» **What to produce**: Starting at the line that contains "Mont Alpi Islands", write out each line through the end of the data below, exactly as it stands. Skip any pictures.

» **Provided data**:

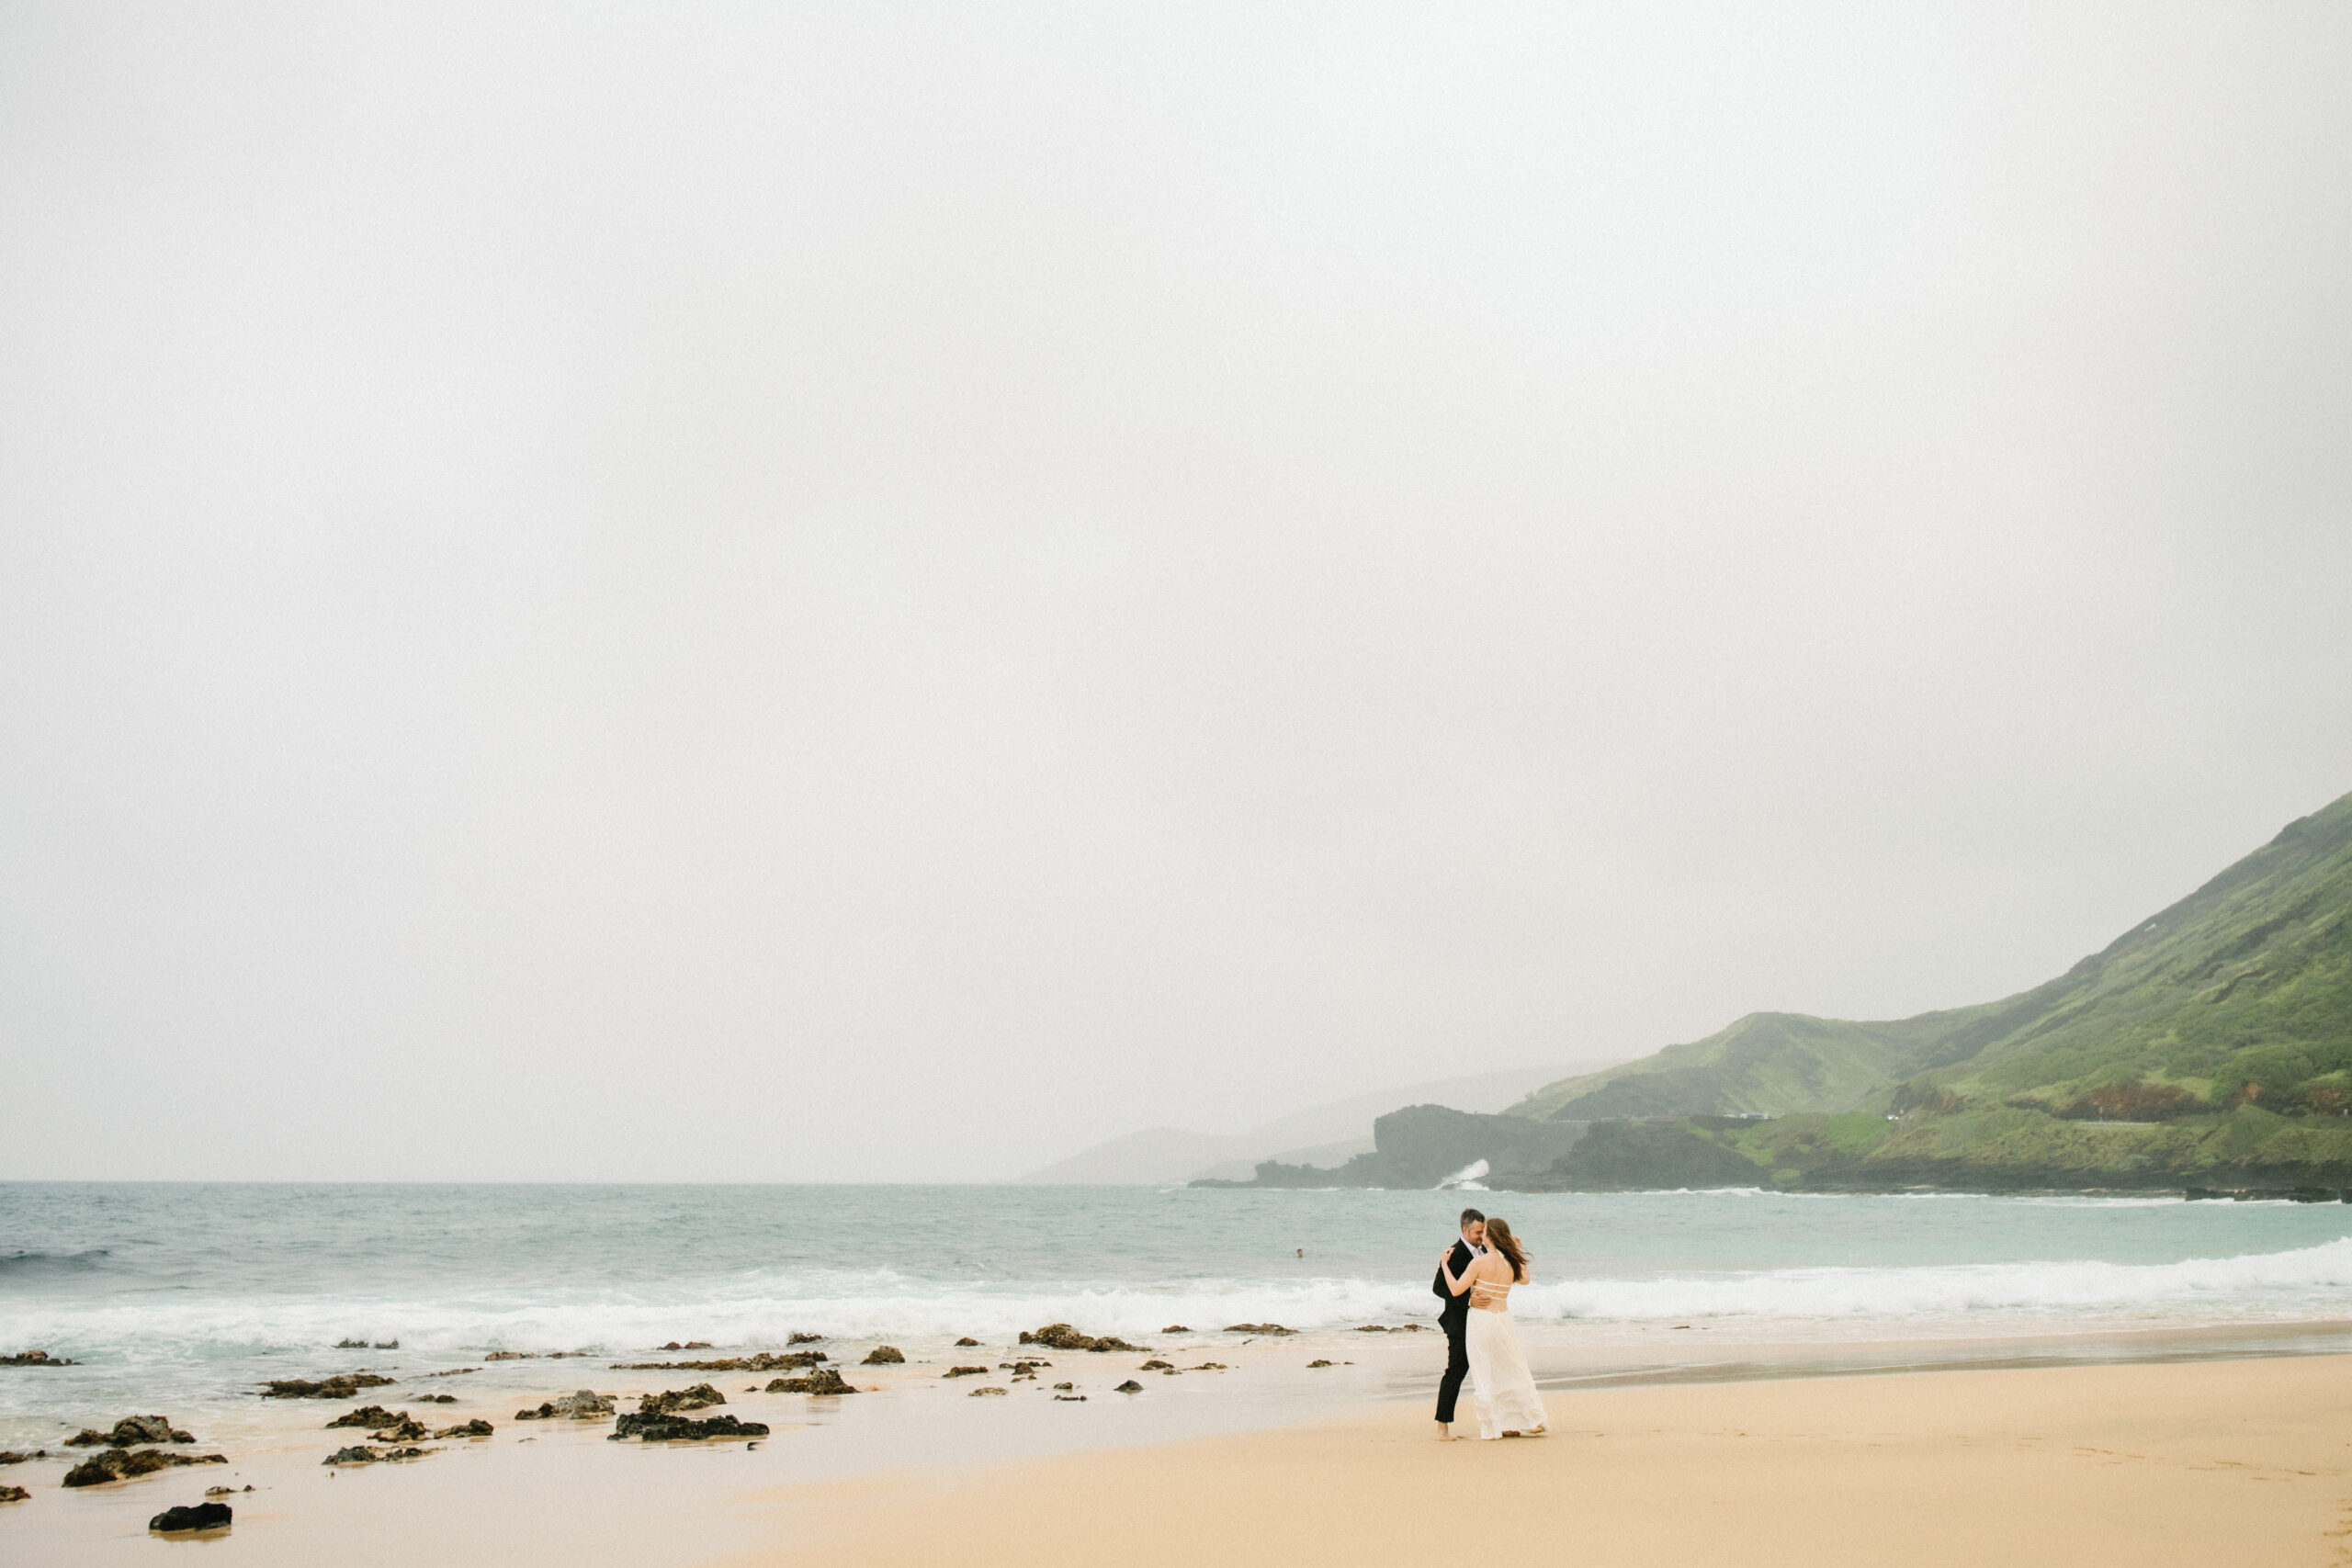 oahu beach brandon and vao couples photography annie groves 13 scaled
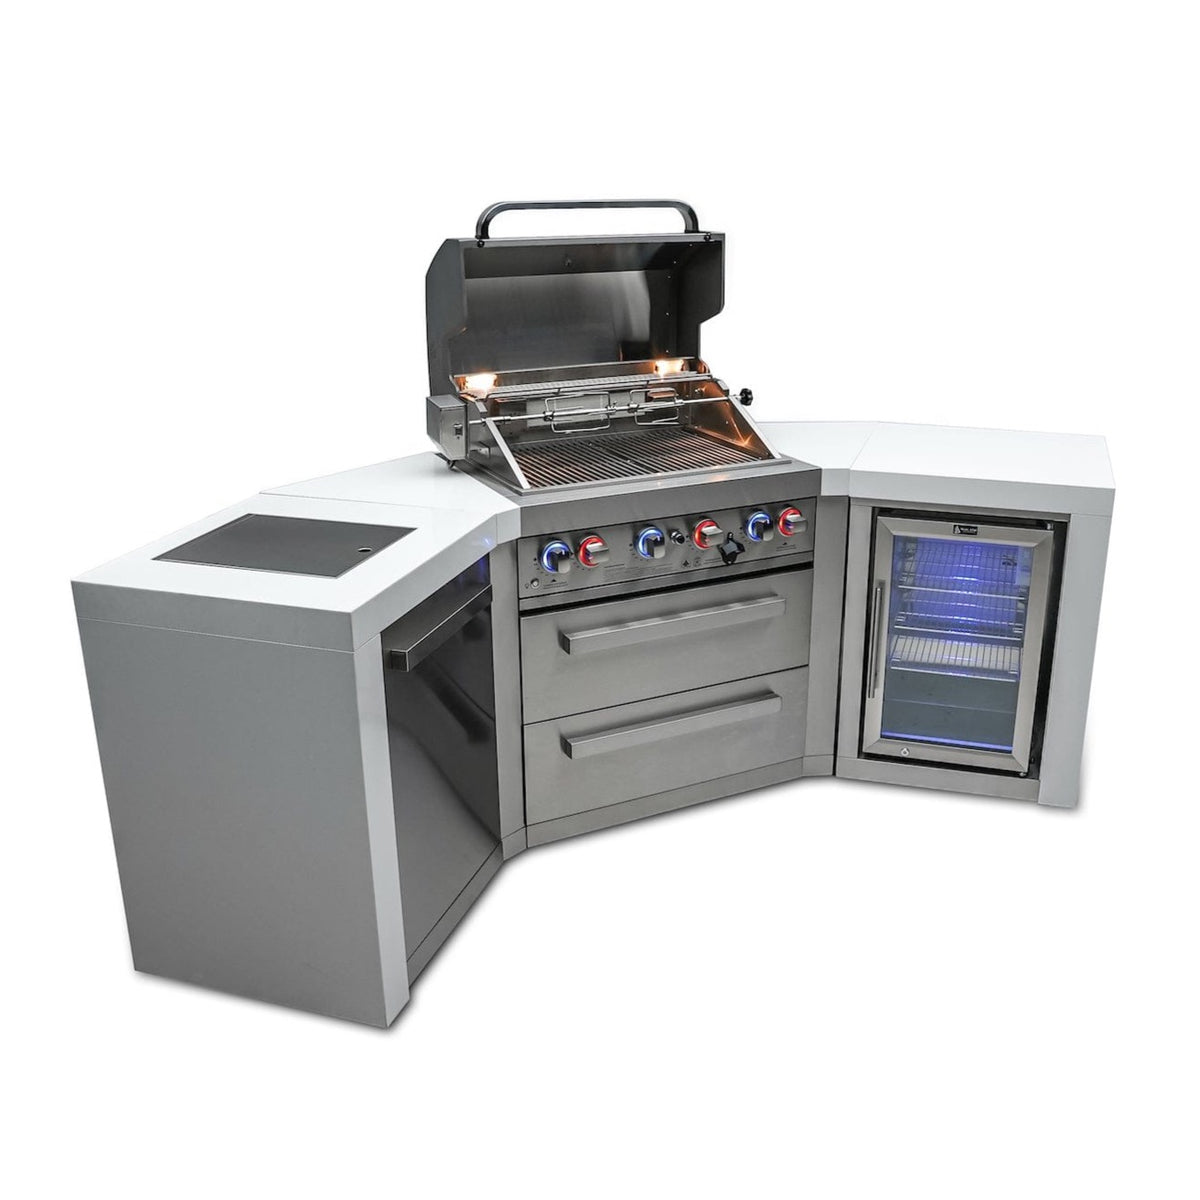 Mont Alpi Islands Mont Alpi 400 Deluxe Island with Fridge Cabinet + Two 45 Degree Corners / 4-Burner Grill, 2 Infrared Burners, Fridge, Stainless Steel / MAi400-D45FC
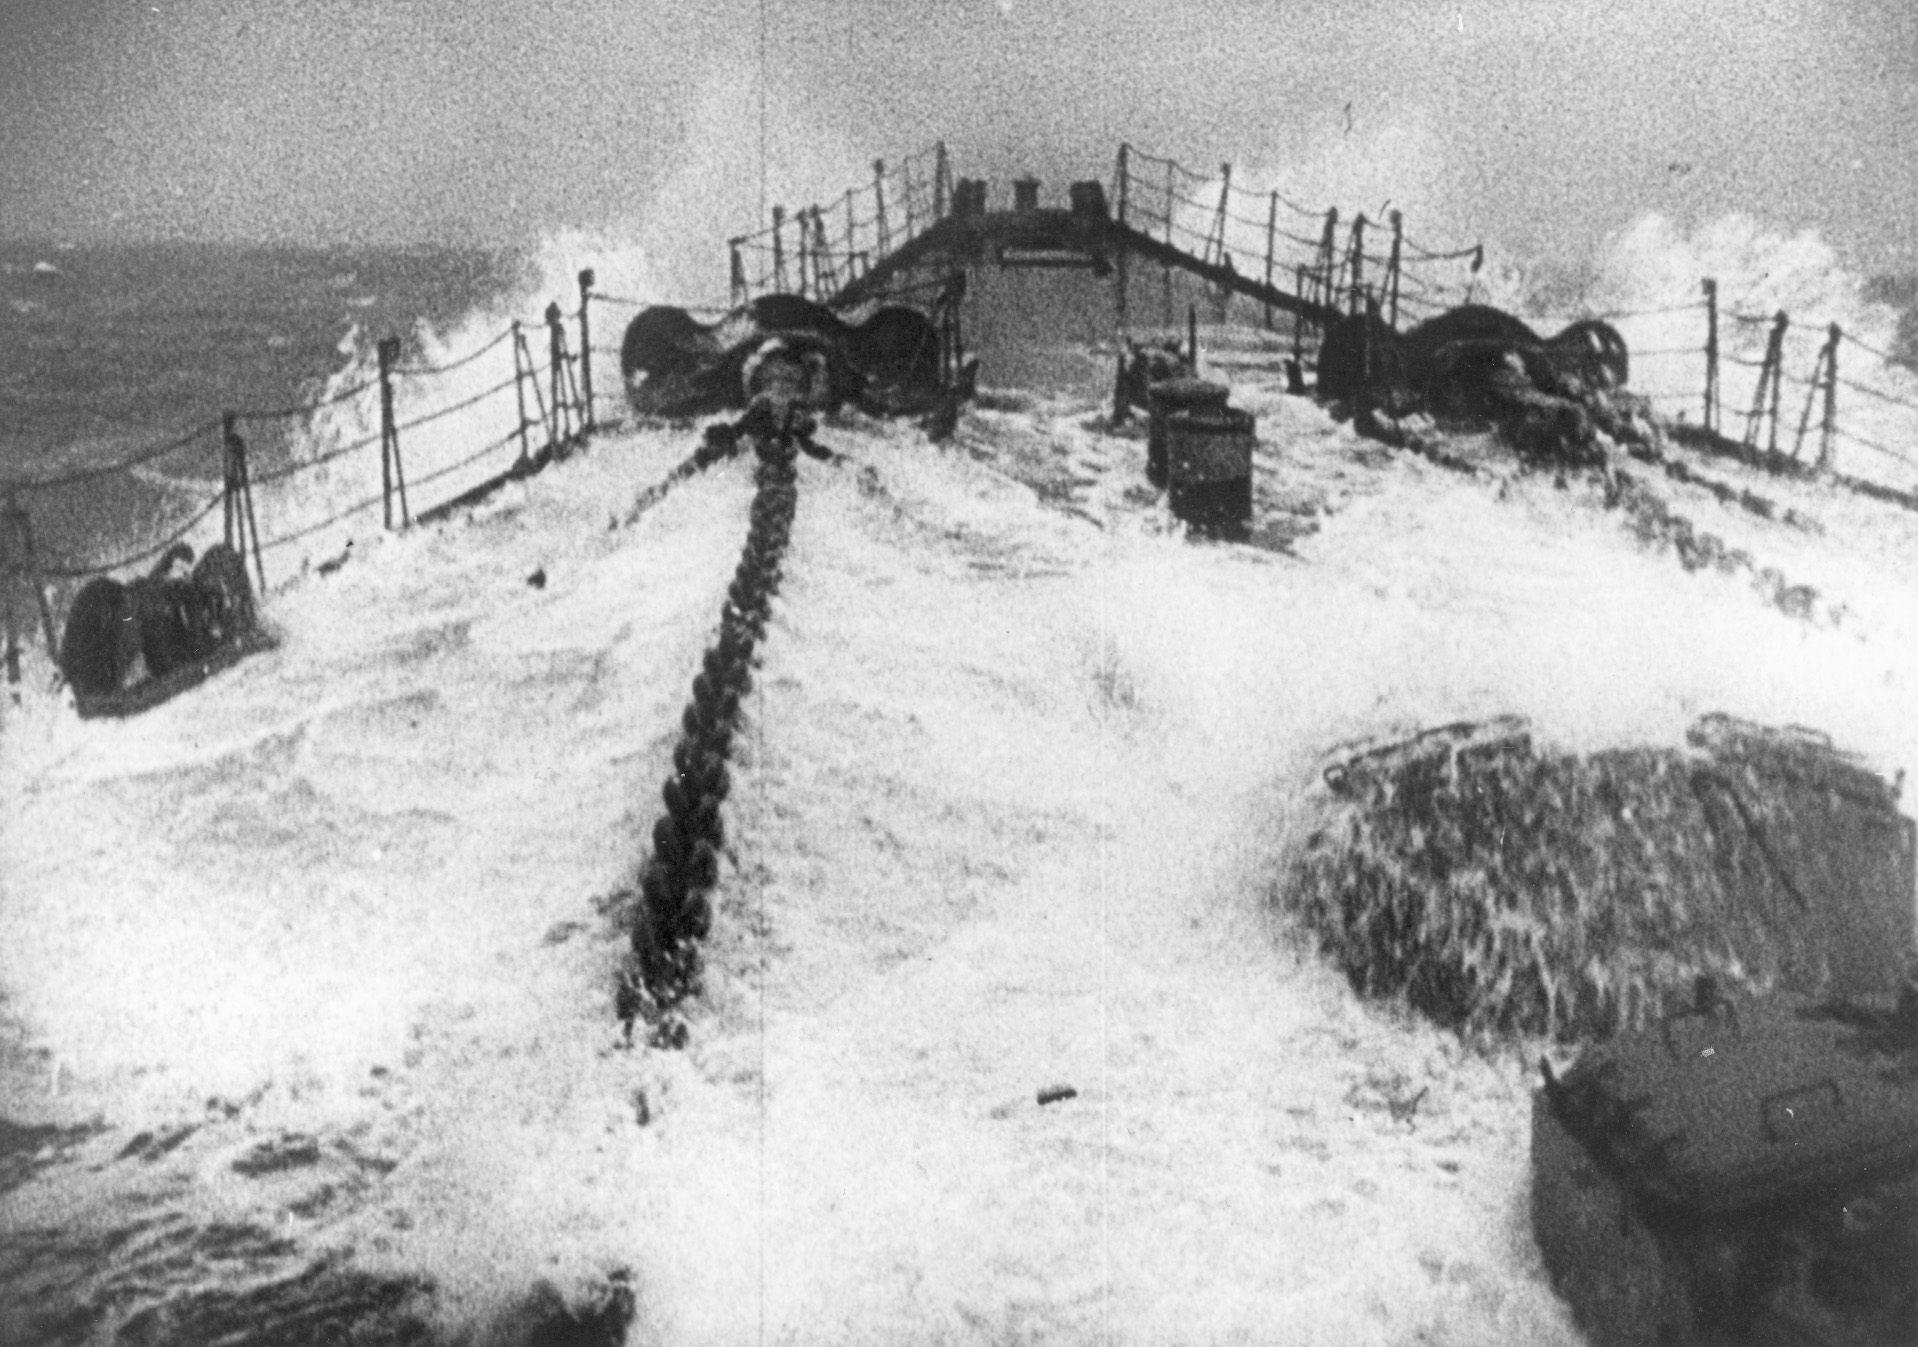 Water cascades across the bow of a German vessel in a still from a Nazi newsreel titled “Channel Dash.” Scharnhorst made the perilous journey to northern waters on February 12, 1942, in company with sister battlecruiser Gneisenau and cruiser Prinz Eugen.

» **Task result**:
 Mont Alpi Islands Mont Alpi 400 Deluxe Island with Fridge Cabinet + Two 45 Degree Corners / 4-Burner Grill, 2 Infrared Burners, Fridge, Stainless Steel / MAi400-D45FC
 Water cascades across the bow of a German vessel in a still from a Nazi newsreel titled “Channel Dash.” Scharnhorst made the perilous journey to northern waters on February 12, 1942, in company with sister battlecruiser Gneisenau and cruiser Prinz Eugen.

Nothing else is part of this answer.